Segment Start: Data

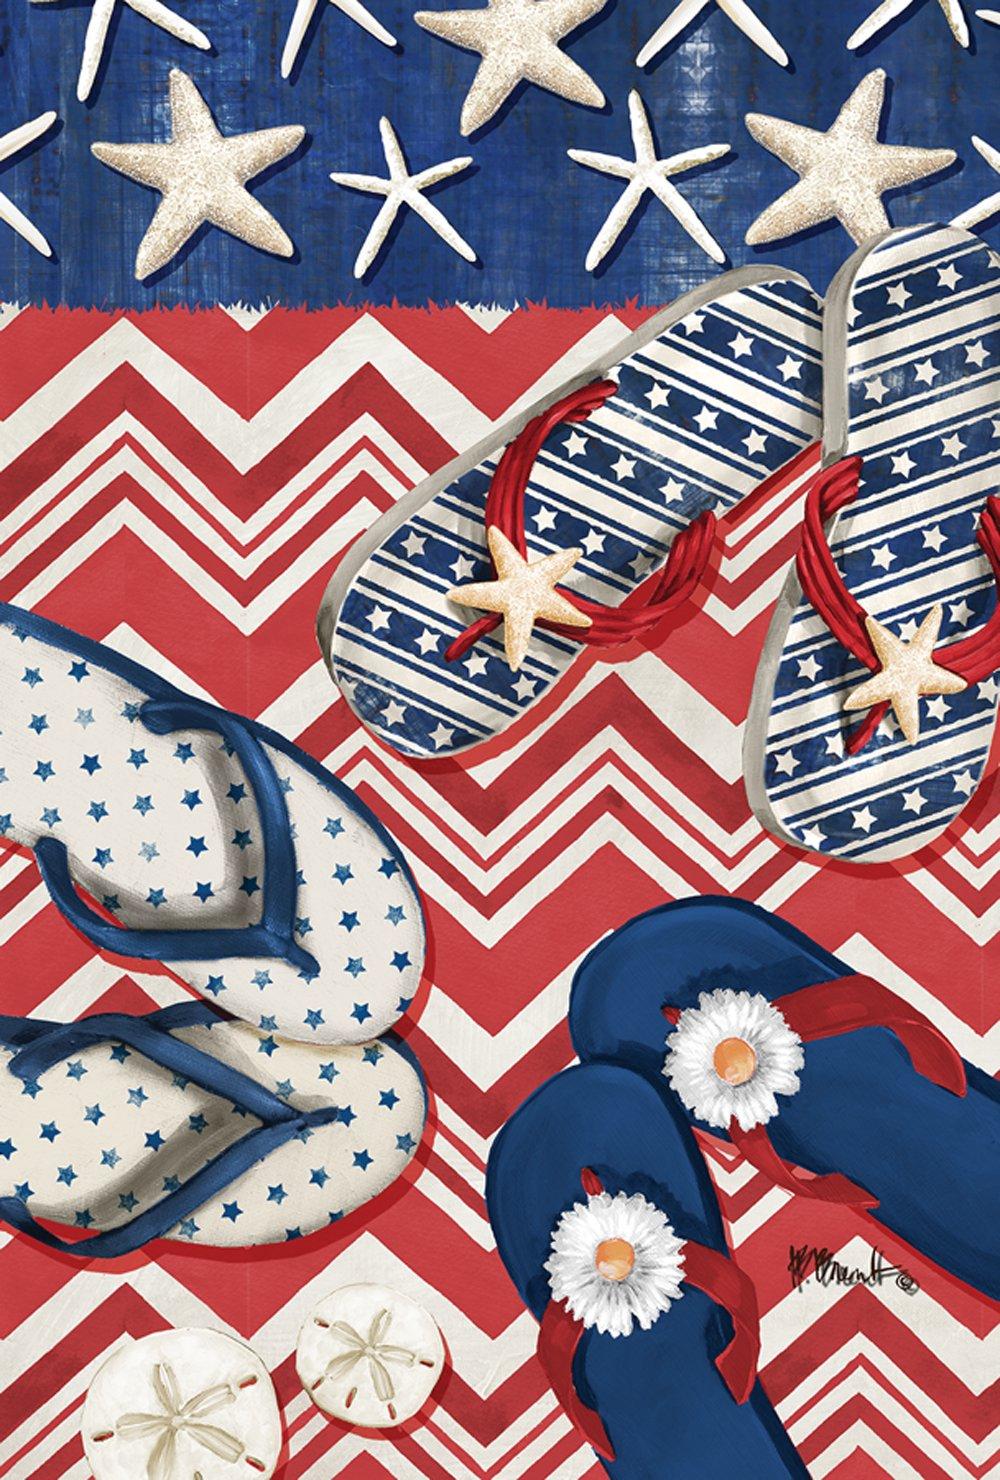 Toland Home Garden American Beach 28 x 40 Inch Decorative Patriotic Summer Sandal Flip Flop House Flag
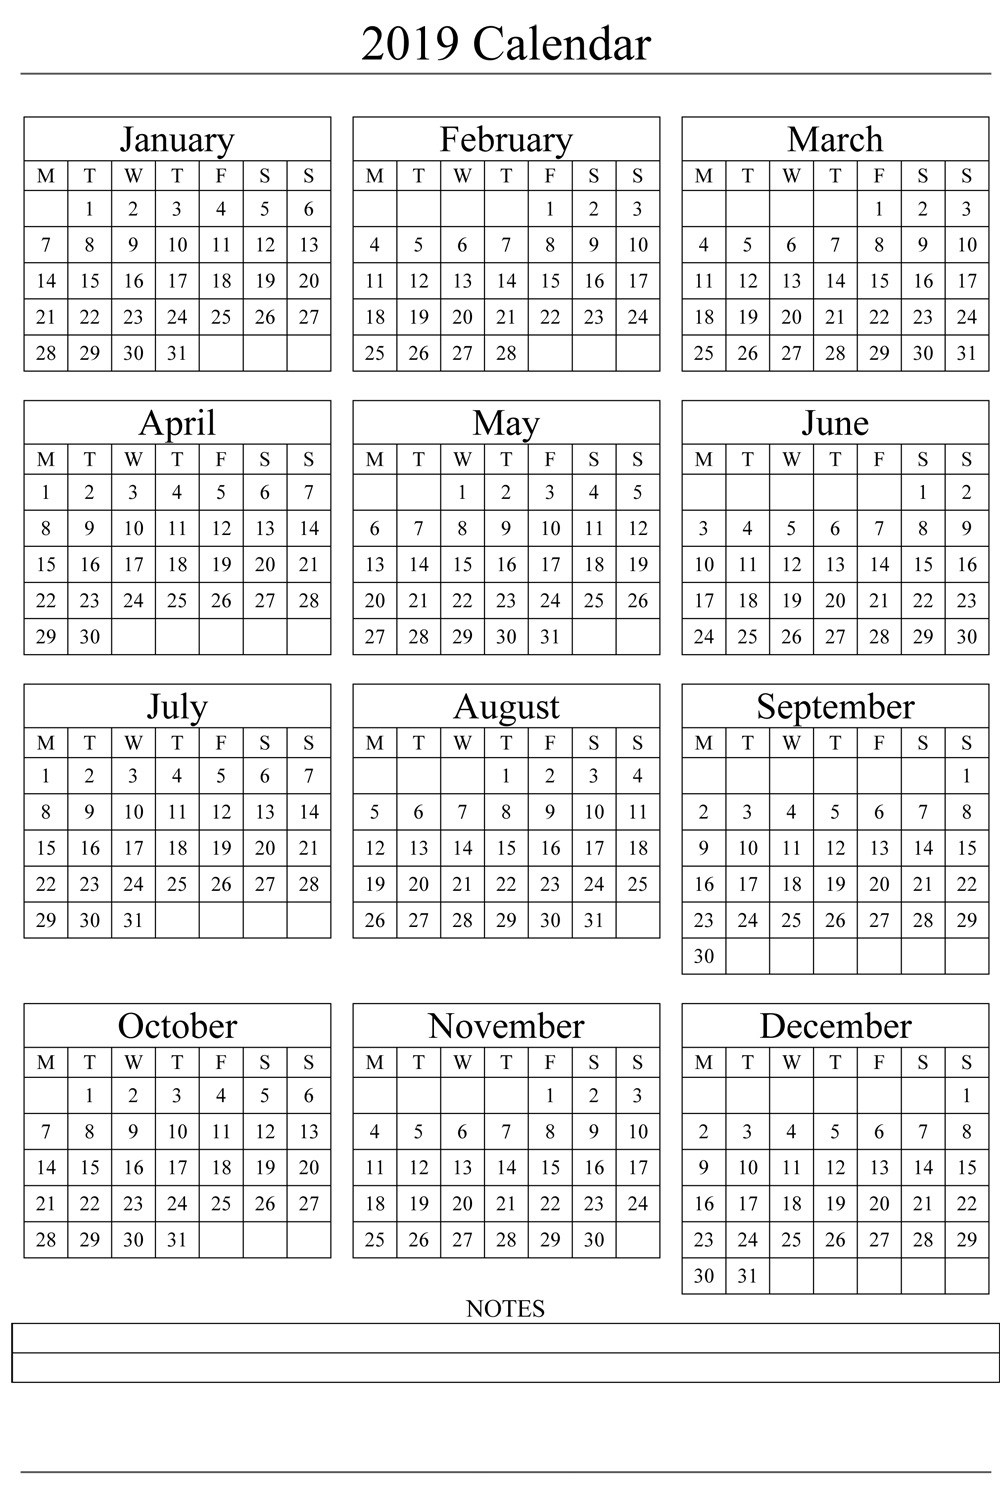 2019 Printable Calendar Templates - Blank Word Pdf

Segment End: Data
Segment Start: Data

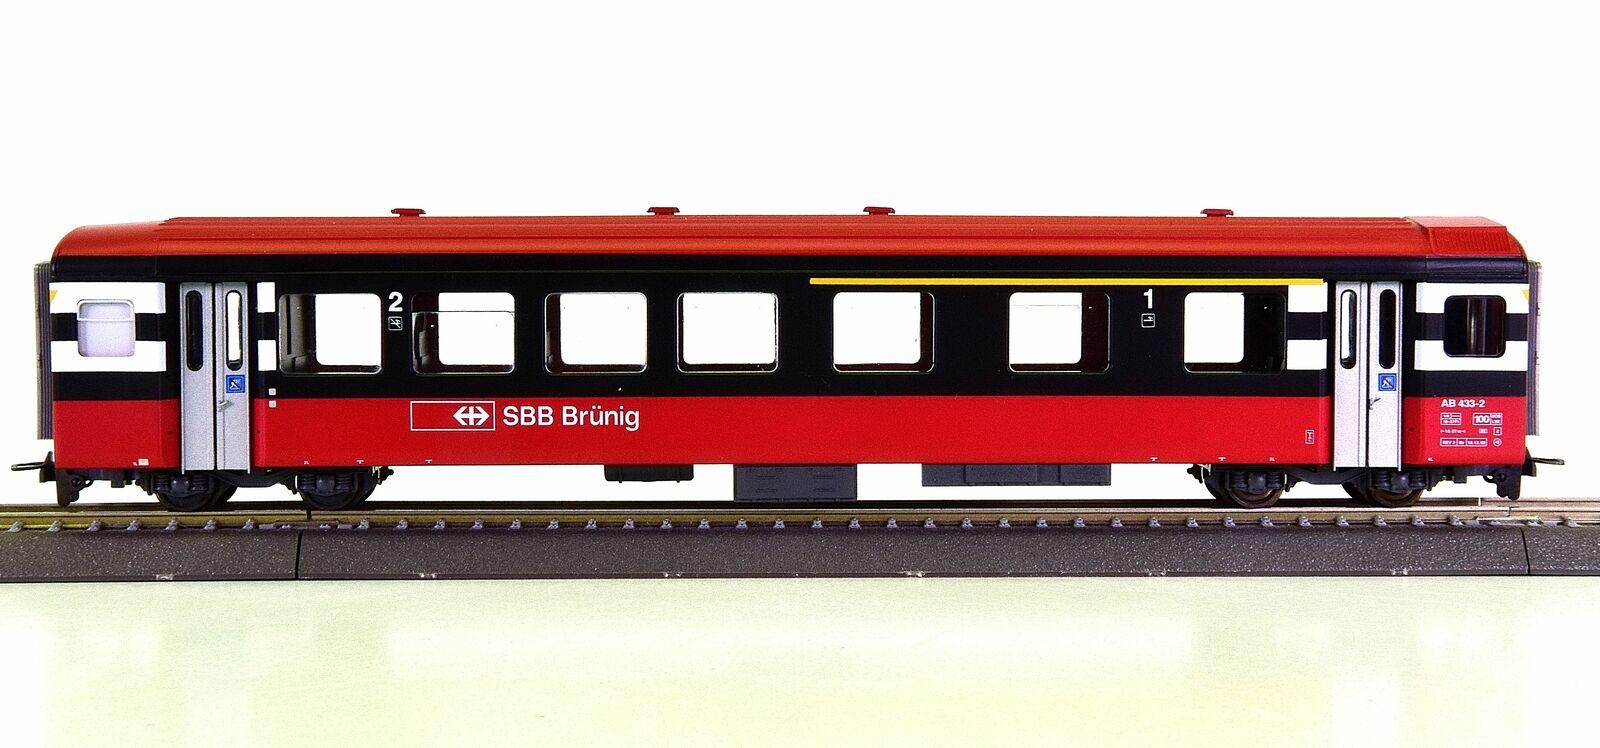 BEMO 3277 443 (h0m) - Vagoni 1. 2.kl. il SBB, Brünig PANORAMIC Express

Segment End: Data
Segment Start: Data

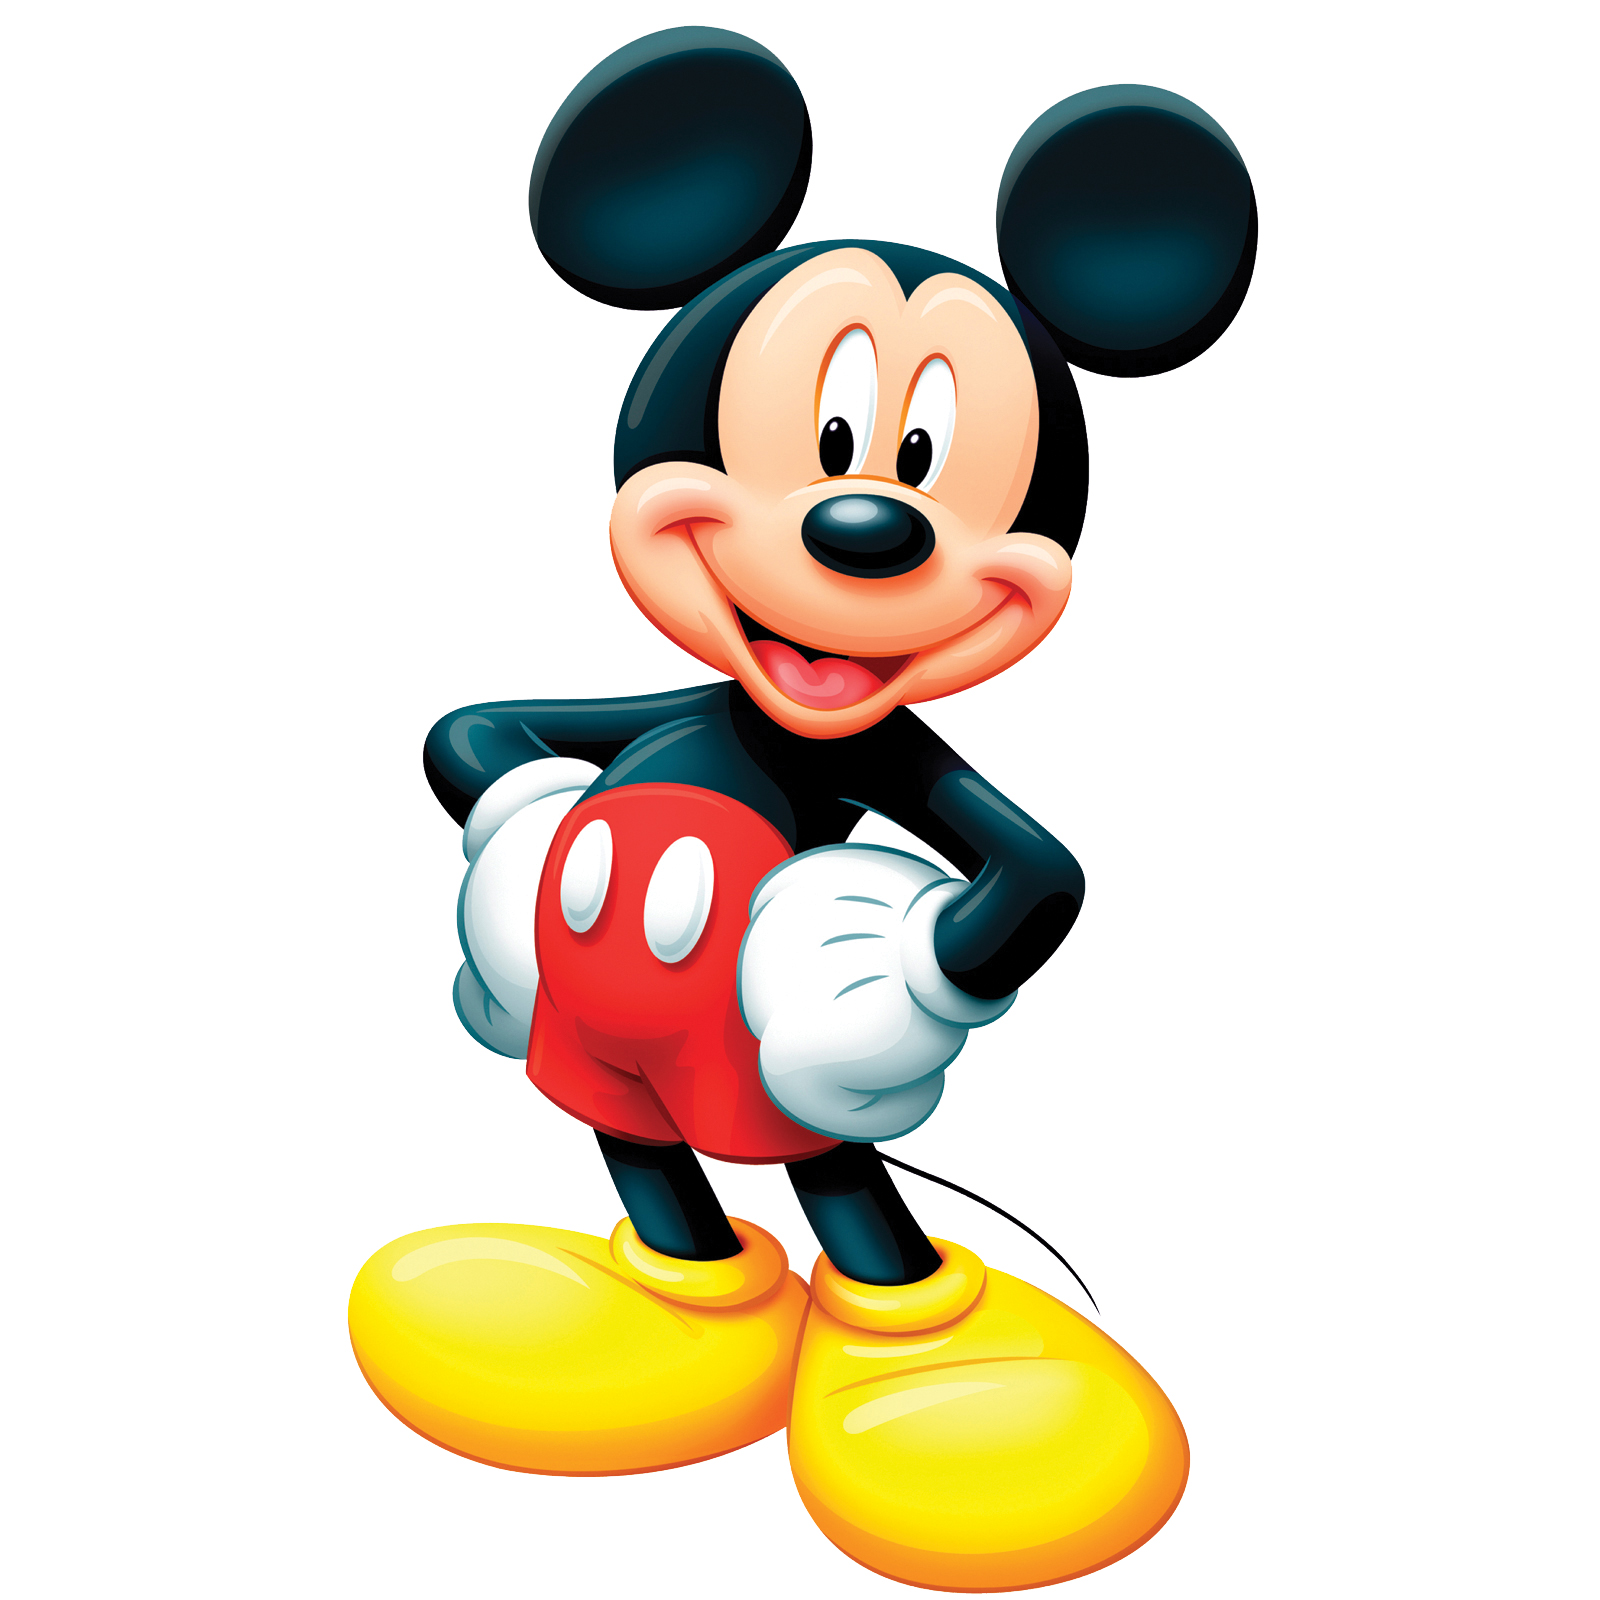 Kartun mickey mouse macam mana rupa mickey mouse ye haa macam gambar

Segment End: Data

-- Task to carry out --
Exactly reproduce the lines above, starting at the one that contains "Toland Home Garden" and ending at the one that contains "2019 Printable Calendar", both inclusive; leave the pictures out and add no other lines.

-- Task response --
 Toland Home Garden American Beach 28 x 40 Inch Decorative Patriotic Summer Sandal Flip Flop House Flag
 2019 Printable Calendar Templates - Blank Word Pdf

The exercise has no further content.